I don't think the smoke or smell of wood burning would spook them. If anything it might cover some of the human scent which they definately know.


----------



## marty (Jan 17, 2000)

Nu way out of I believe rogers city area makes them. Really small noise from them but deer and turkeys don't mind. On my newer ones you can't hear a thing. Be sure to vent and check for nest before you fire them up:lol: .m


----------



## M1Garand (Apr 12, 2006)

My dad uses a radiant type heater similar to this Cabela's Heater but puts a 20 lber at the base of his blind and runs a hose up to the heater. My brother uses a Coleman Blackcat portable heater.


----------



## Luv2hunteup (Mar 22, 2003)

Link to Nu Way Stoves.

http://www.nuwaystove.com/products.htm


----------



## DANIEL MARK ZAPOLSKI (Sep 23, 2002)

mr heater is my buddy. 20 lb tanks and 12' hose. tanks outside of pop-up and i think the only noise that bothered the deer was my ***300mag*** going off. well, at least the ones still standing. nothing more enjoyable than spending a day out in the woods, marsh, lake, and staying warm!


----------



## eddiejohn4 (Dec 23, 2005)

I use the standard propane and a 20 lb tank.


----------



## Shop Rat (Apr 8, 2006)

I use the black cat, my wife uses 2 black cats. They are silent.


----------



## wyldkat49766 (Apr 21, 2007)

Heat a blind?? You pansies. Toughen up!


----------



## old graybeard (Jan 19, 2006)

I have used the Mr. Buddy heater with no problems in my blind. What little bit of noise there is hasn't spoked any of the bucks I've shot in the past and they are safe to use inside.


----------



## QuakrTrakr (Apr 4, 2001)

I use my girlfriend.


----------



## answerguy8 (Oct 15, 2001)

QuakrTrakr said:


> I use my girlfriend.


I think we have a winner.


----------



## wyldkat49766 (Apr 21, 2007)

But makes you wonder how much 'hunting' really gets done.


----------



## anthology86 (Nov 24, 2006)

I like the girlfriend idea.. but I still havent been able to get mine out in the woods... at least not with a gun. My lifelong struggle is to convert her from her anti-stance. We watched the girl and her dad trapping beaver on Michigan Out-of-doors this week and that didnt really help my cause - :rant: 

The overall feeling I get from you guys is a propane with a 20lber attached. I was kinda thinking that, especially after I found out that carbon monoxide is still produced when you burn wood. I dont really see a benefit to wood now.


----------



## Lindsey (Jan 22, 2000)

Doesn't matter whether you're burning wood or propane, carbon monoxide is produced. You have to be careful with any unvented fuel burning equipment inside an enclosed space, even the ones that the manufacturers say are okay for use in tents and shanties.
The vented heaters, like Nu-Way's propane and wood fired heaters, are less likely to produce elevated levels of CO in a blind. Venting the heater would be difficult in most cloth blinds but is easy to do in a permanent wooden blind.

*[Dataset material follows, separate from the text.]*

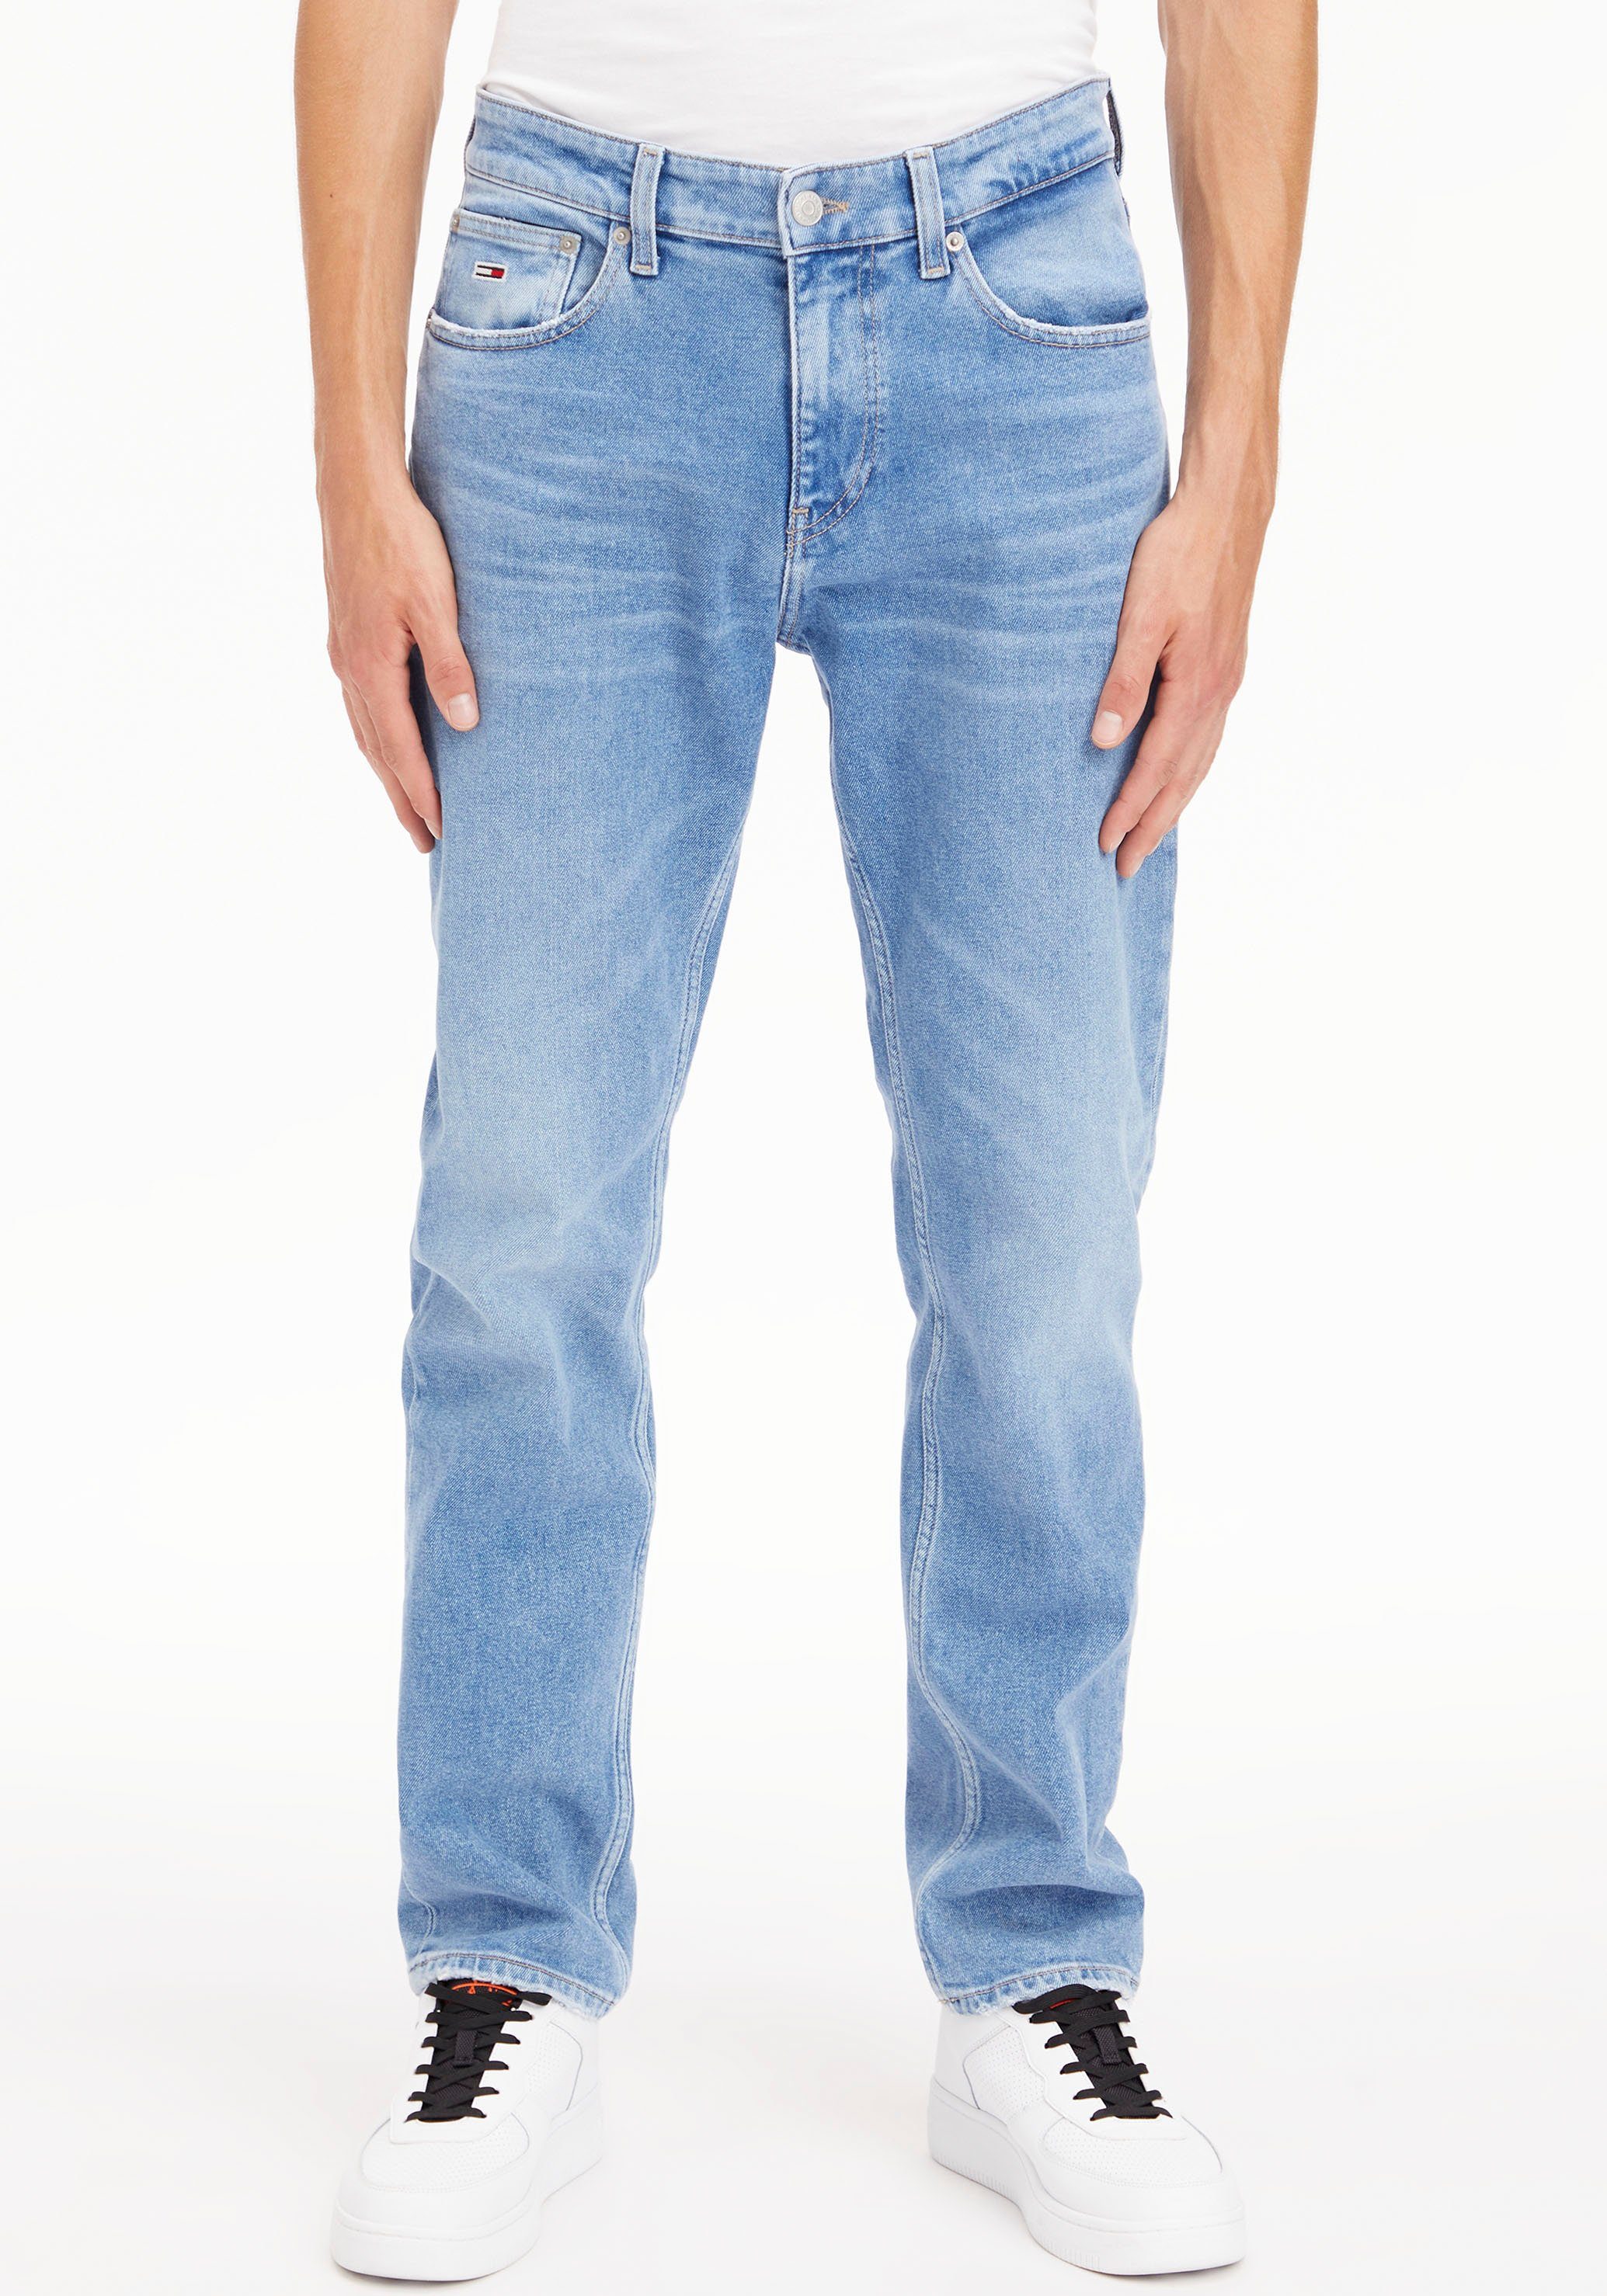 Tommy Jeans Jeansshorts HOT PANT SHORT BG0036 mit Destroyed- und Abriebeffekten

I use one of the Coleman "Cat" heaters in my cloth blind and I keep a window open and my head above the opening. My wife has a vented Nu-Way LP heater in her wooden blind. Neither heater seems to bother the deer.

Lindsey


----------



## Ferris_StateHunter (Apr 24, 2006)

Shoot i use my mr buddy... in my tree stand let alone my blind... Tell ya what those cold, windless days makes for a great sit with that thing below my seat, and yea I see deer with is being there


----------



## answerguy8 (Oct 15, 2001)

For anyone you don't like suggest they run a hose from their car exhaust to their deer blind. :evil:


----------



## anthology86 (Nov 24, 2006)

Lindsey (or anyone else),

How would I effeciently and effectively vent a propane heater in my wooden blind? Or vent a wood heater?


----------



## Lindsey (Jan 22, 2000)

Our Nu-Way propane stove has a 3" vent connection on the top. We ran 3-inch metal up and then out a side wall of the blind and then up again to vent above the roof. Nu-Way wood stoves have similar connections.

B-vent or black stove pipe is probably the proper material to use to vent an LP appliance. We used galvanized metal round duct. It's lighter gauge than the black stove pipe or B-vent but seems to work okay. 

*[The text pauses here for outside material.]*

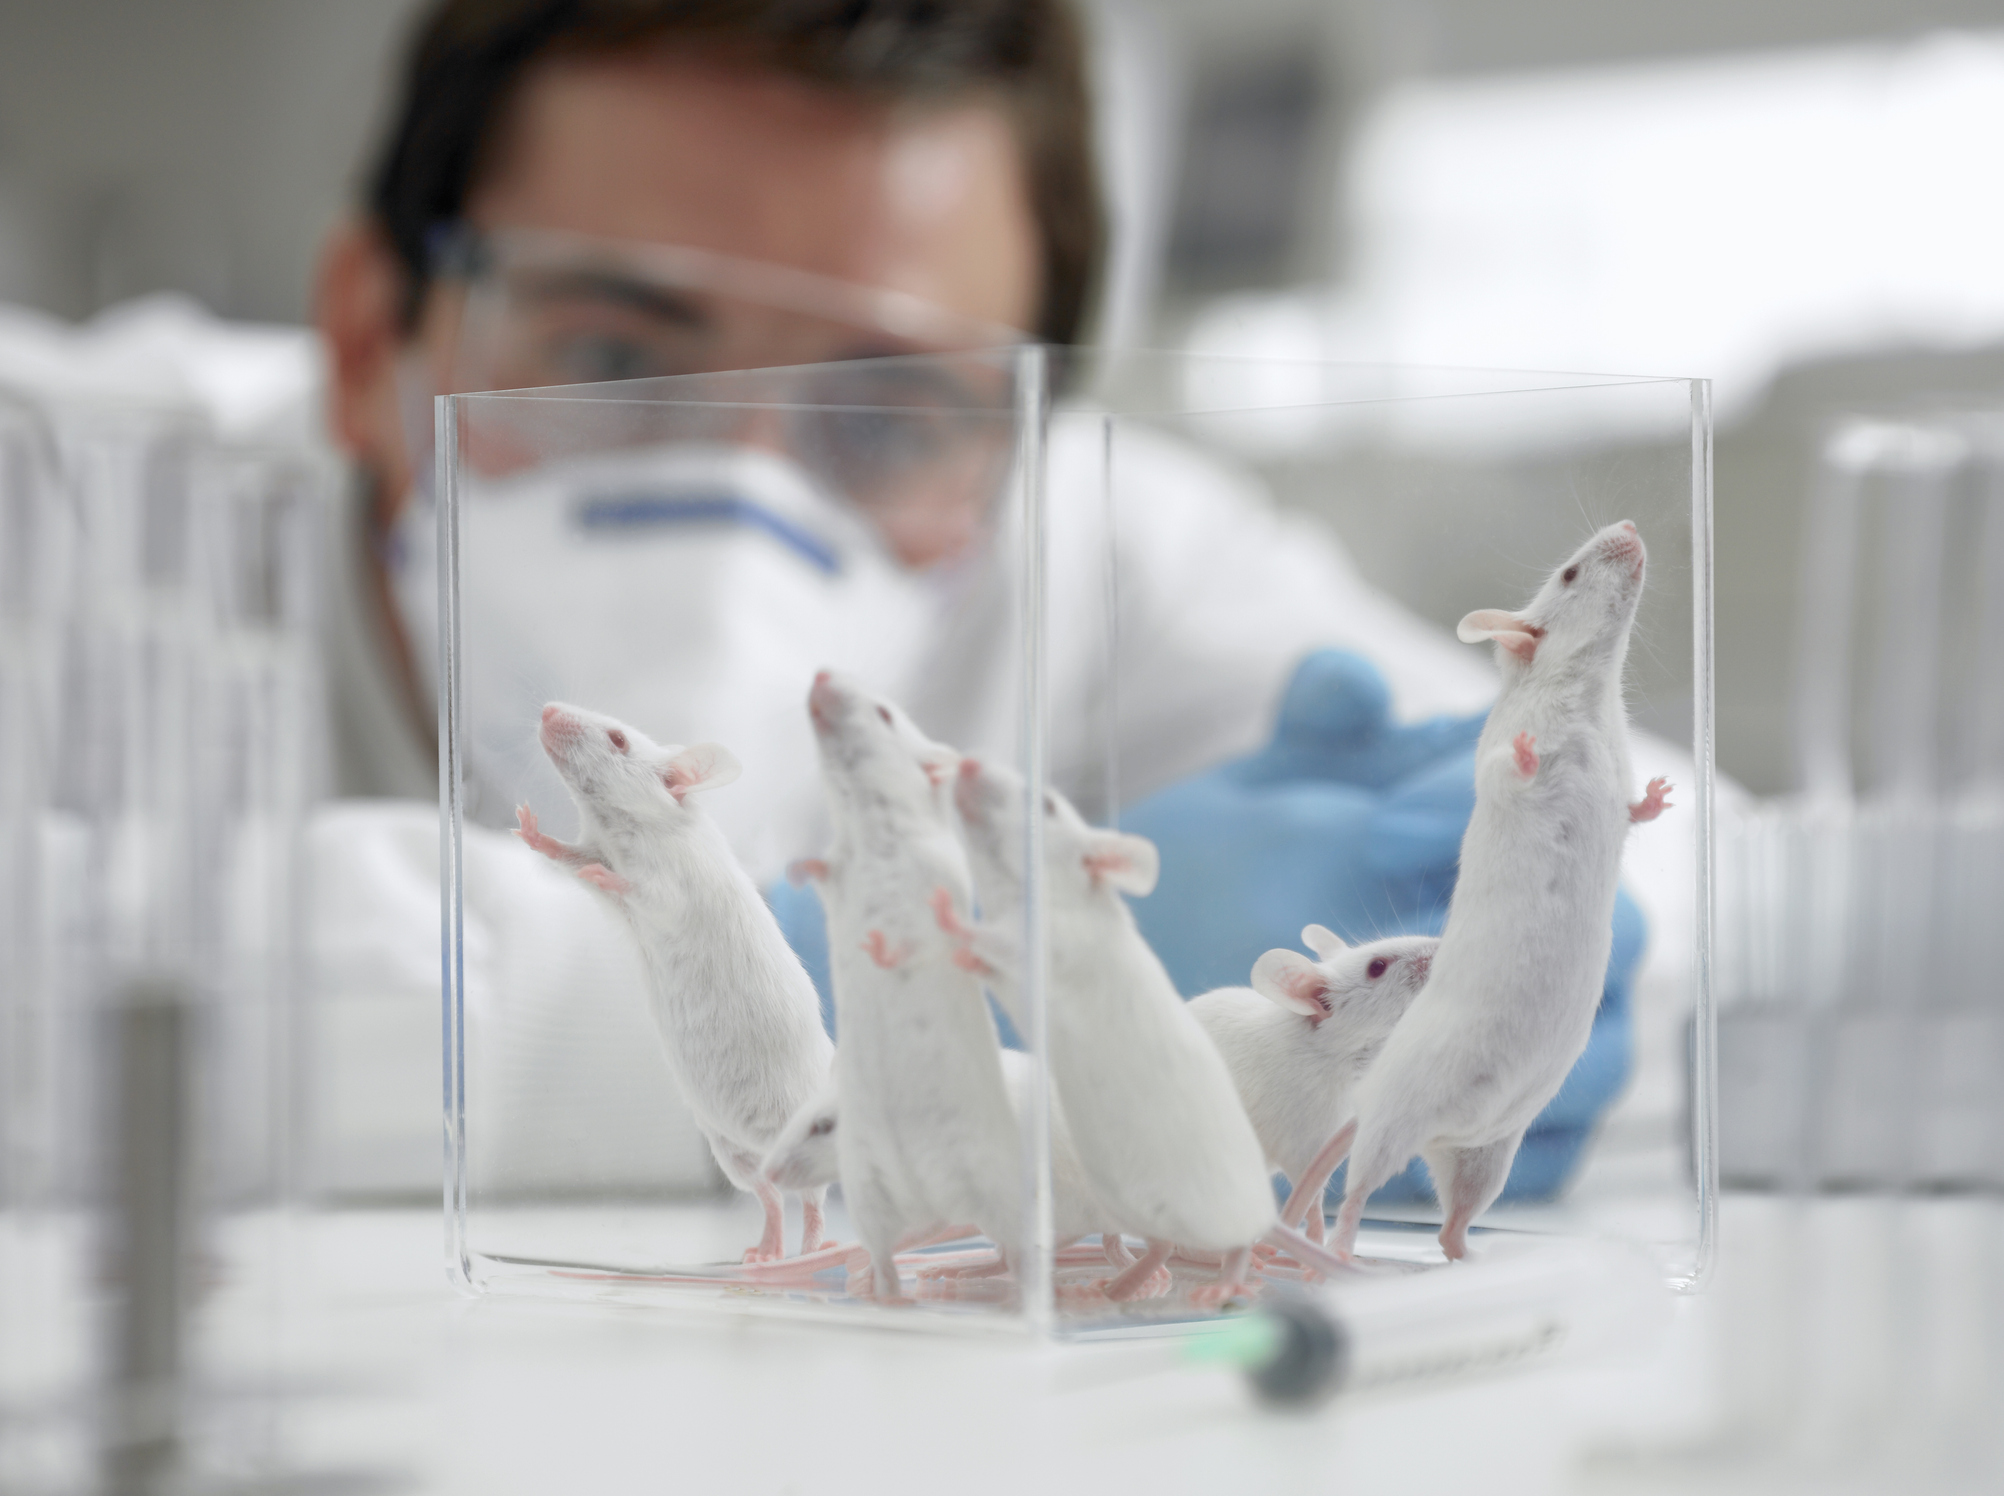 Le vaccin a été testé sur des souris et il a fonctionné. Mais l'innocuité et l'efficacité chez l'homme devront être démontrées (Getty Images)

If you're using an unvented propane heater like the Coleman heaters, there isn't any way to directly vent them. I leave a small opening near the ground for any heavier than air exhaust gases to exit and a window open a bit for the lighter exhaust gases to exit.


----------



## Jekart (Apr 27, 2006)

Another Mr. Heater guy here.


----------



## answerguy8 (Oct 15, 2001)

anthology86 said:


> Lindsey (or anyone else),
> 
> How would I effeciently and effectively vent a propane heater in my wooden blind? Or vent a wood heater?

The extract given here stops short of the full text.